Based on information from ClimateTechWiki.

General Description

Land claim is likely to be accomplished by enclosing or filling shore or nearshore areas (Bird, 2005).  Several alternative terms may be used when referring to land claim; these may include land reclamation, reclamation fill and advance the line. Typically this measure is undertaken to gain land (French, 1997), today especially around coastal cities (like Singapore and Hong Kong), where very high land values are justifying the costs.

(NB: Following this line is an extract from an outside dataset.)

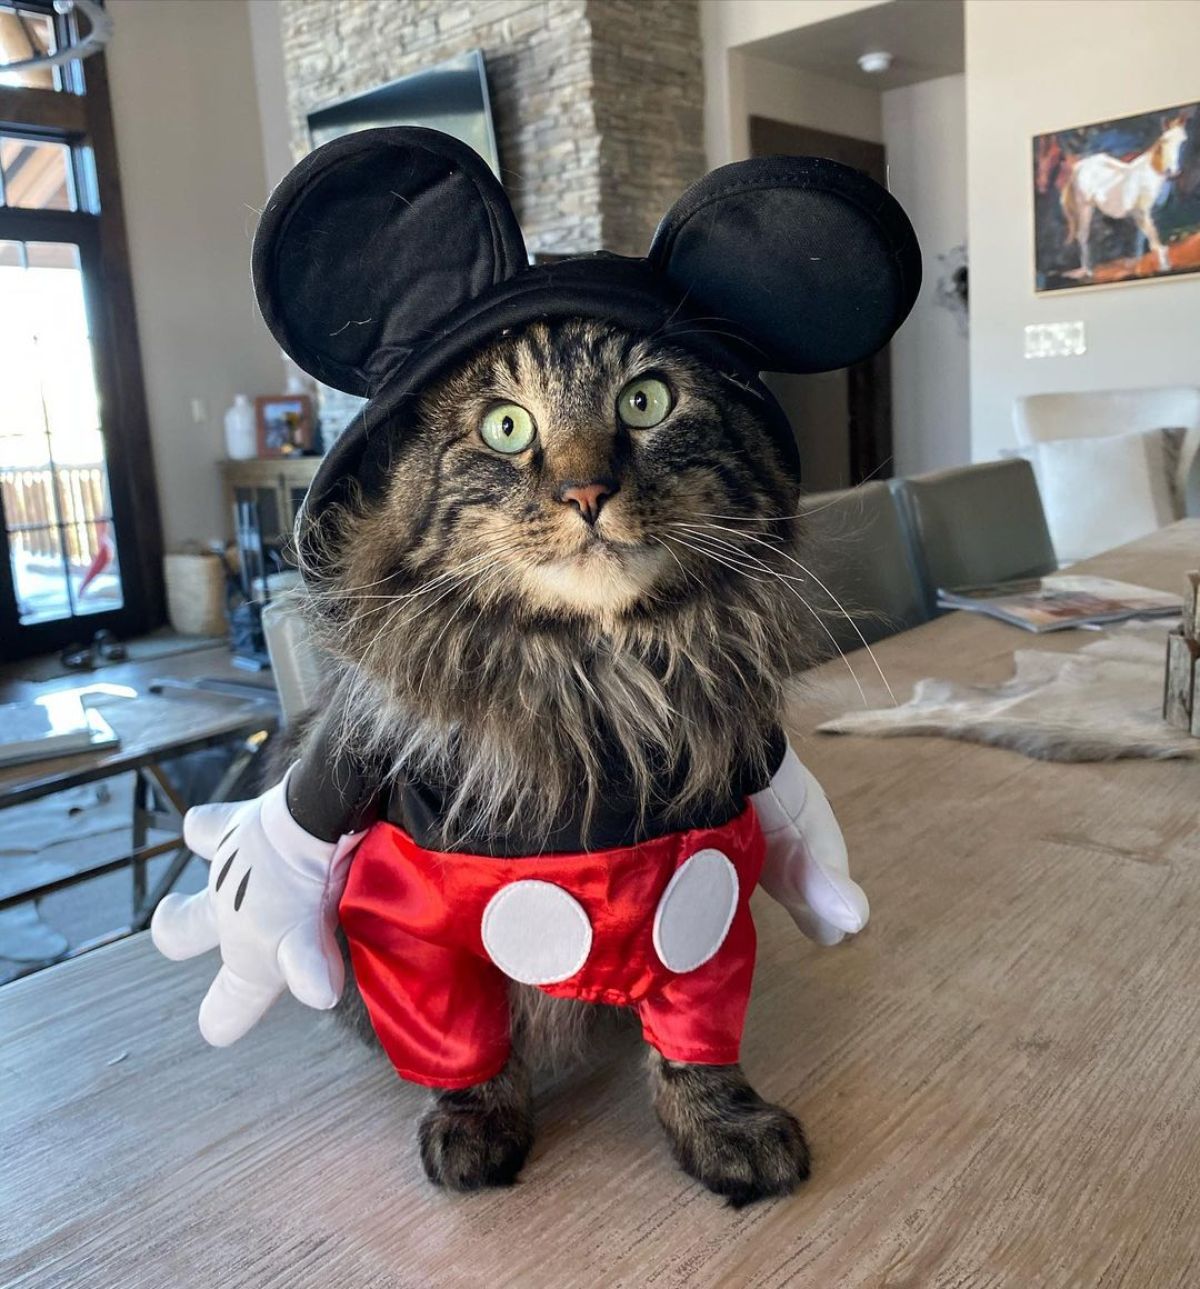 Otie the Maine Coon wearing an adorable halloween costume.

In order to enclose areas for land claim, hard coastal defences must be constructed seaward of the existing shoreline.  Dike and seawalls are typically constructed to protect the claimed land from flooding by the sea (Burgess et al., 2007). Two main methods of land claim are: (1) enclosing and defending shore or nearshore areas; and (2) filling shore or nearshore areas, often using the same techniques used in beach nourishment. When considering adaptation to climate change, land claim using fill methods is perhaps more appropriate as it does not carry such a great flood risk.

Advantages and disadvantages of the technology

The key advantage of land claim is the gain of additional coastal land for uses such as agriculture or development.  Apart from the valuable land, this additional coastal land can function as a buffer and reducing the risks of flooding.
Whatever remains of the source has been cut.